A Weight Off Your Shoulders
Lifting weights is a great way to increase muscle mass, stay healthy, and even increase life expectancy. The very concept of weightlifting involves breaking down and regrowing muscles, which can lead to injury. Bicep tears and shoulder pain are common injuries, mostly among men, with some cases requiring surgery. With the help of a shoulder specialist, bicep tenodesis may be necessary to repair the damage and reduce pain for good.
Beware of bicep injuries
Chances are there is a bicep injury if there is pain at the front of the upper arm or the elbow. The bicep has two tendons that attach the muscle to the shoulder and scapula. One tendon attaches the muscle to the elbow. A bicep tear happens when part or all of the bicep tendon detaches from the bone. Tenodesis refers explicitly to the long head bicep tendon separating from the scapula. Other injuries include rotator cuff tears and bicep tendonitis. These injuries cause chronic pain, swelling, stiffness, and weakness in the front of the shoulder, particularly at night.
Get some bicep help
If these injuries persist after trying pain management techniques, see a shoulder specialist right away. Shoulder specialists are orthopedic surgeons, physiatrists, or sports medicine physicians specializing in shoulder repair. For patients with chronic pain, the consultant may recommend bicep tenodesis. Bicep tenodesis is an innovative surgery to repair the tendon connecting the biceps to the shoulder. The procedure may be done as a solo surgery or combination procedure to treat both the bicep and shoulder.

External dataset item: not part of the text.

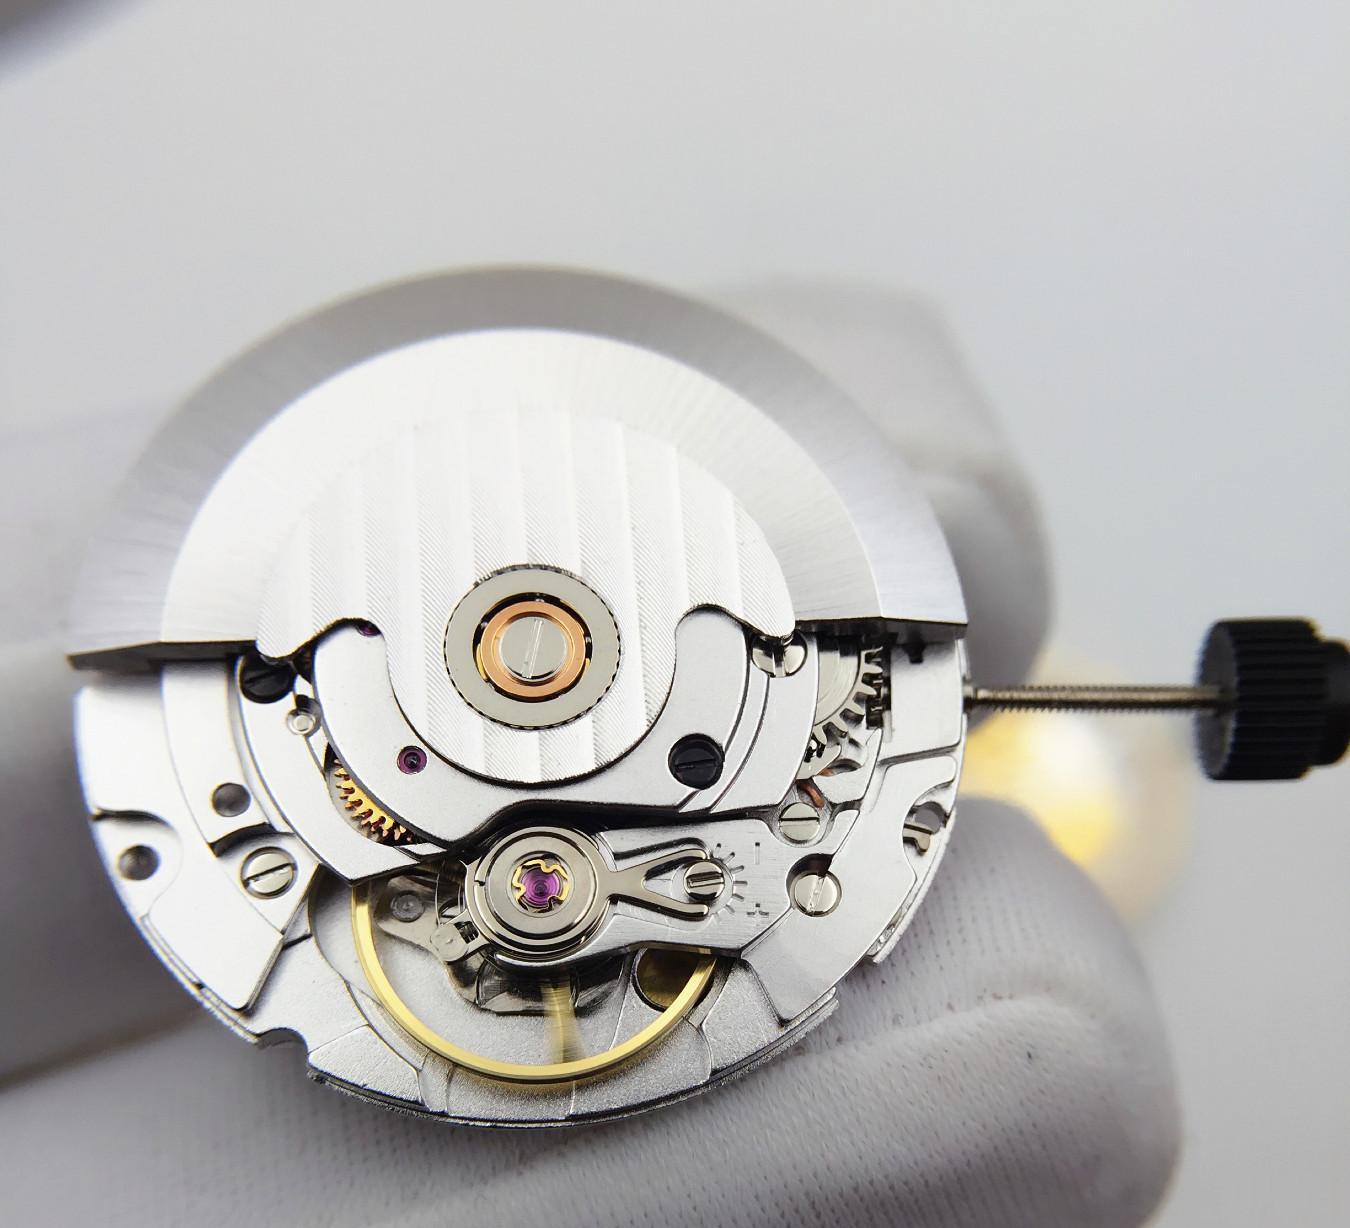 海鸥2824和西铁城9015机芯两款复刻表常用机芯那个好
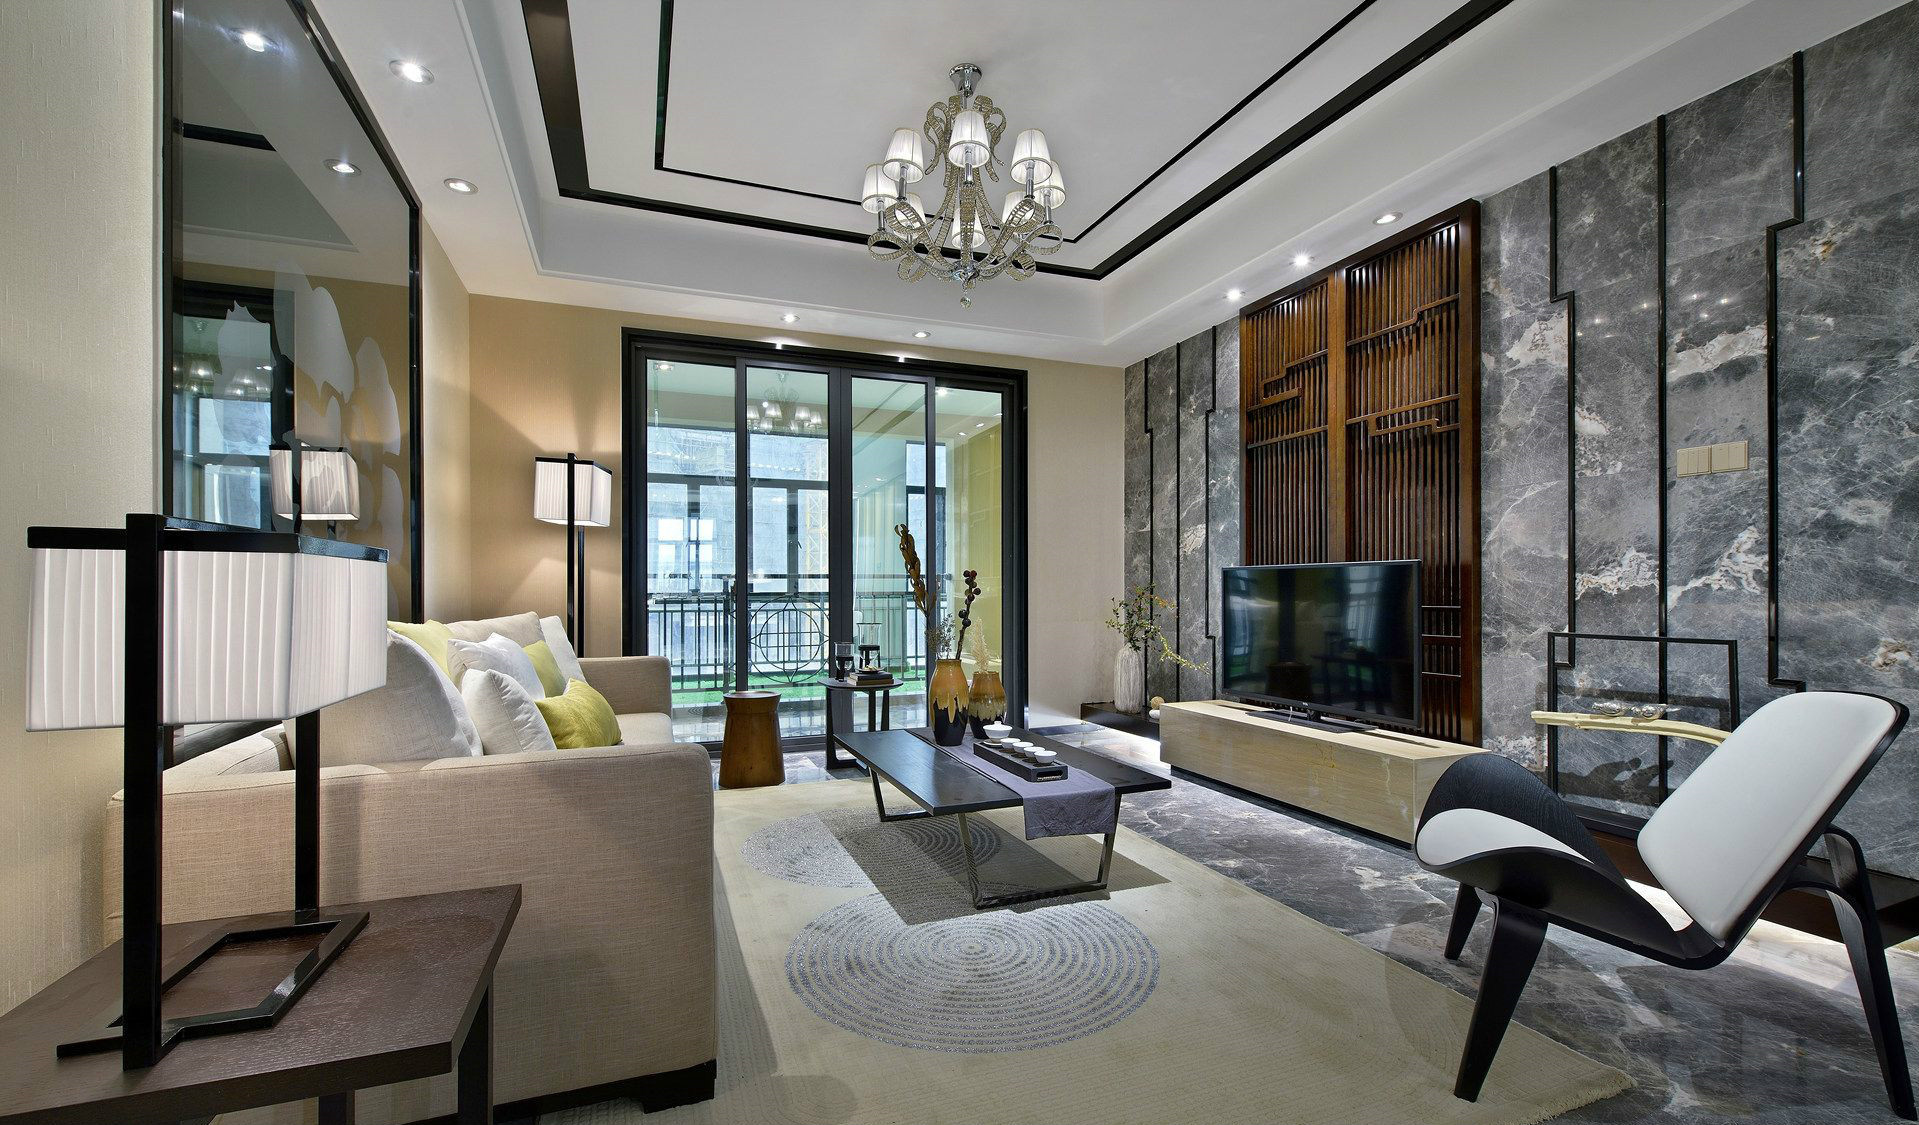 客厅衬托舒适的布艺沙发与禅意的抱枕,整个空间都给人以舒适情趣的感觉

Understanding bicep tenodesis
With bicep tenodesis, a surgeon will move or reattach the tendon from the superior labrum to the humerus. This procedure is quite complex but can bring relief for weightlifters suffering from months of pain. Bicep tenodesis can happen under minimally invasive means. The patient will be under general anesthesia in a beach chair position. The surgeon then enters an arthroscope at the back of the shoulder. Another surgical tool goes through the front of the shoulder. The tool grabs or cuts away the tendon. The surgeon will then use needles, screws, or a button to attach the tendon to the humerus. From there, the incisions are closed, and the patient heads to recovery.
Is bicep tenodesis for you?
Bicep tenodesis is not for everyone. However, rotator cuff repair patients or anyone with unsuccessful rotator cuff repair may benefit from the procedure. The surgery also helps those with constant bicep tendinosis, bicep tendonitis, or tears. Finally, if the long head bicep tendon has fully ruptured, the surgeon may decide on bicep tenodesis. Because of the complexities of the surgery, some doctors may choose other types of surgeries. Bicep tenodesis will only be recommended by a specialist who has fully evaluated the bicep and shoulder.
Success and risks
Bicep tenodesis is generally safe, and recovery can take 6 or more months with physical therapy. Up to 95% of patients undergoing the procedure are satisfied with the result. Most will feel pain relief and regain some muscle function. However, as with other surgeries, there are still rare but possible complications. Possible complications include infection, bleeding, and adverse reaction to anesthesia.
Back to weightlifting with bicep tenodesis
A bicep or shoulder injury to an athlete or weightlifter can be devastating. Many fear lifting in the future will be impossible, even with surgery. For chronic cases, severe pain, and previously failed surgeries, bicep tenodesis may be a saving grace. Some studies show that patients can go back to intense exercise after recovery. Speak with a shoulder specialist about bicep tenodesis if there is no relief from bicep or shoulder pain.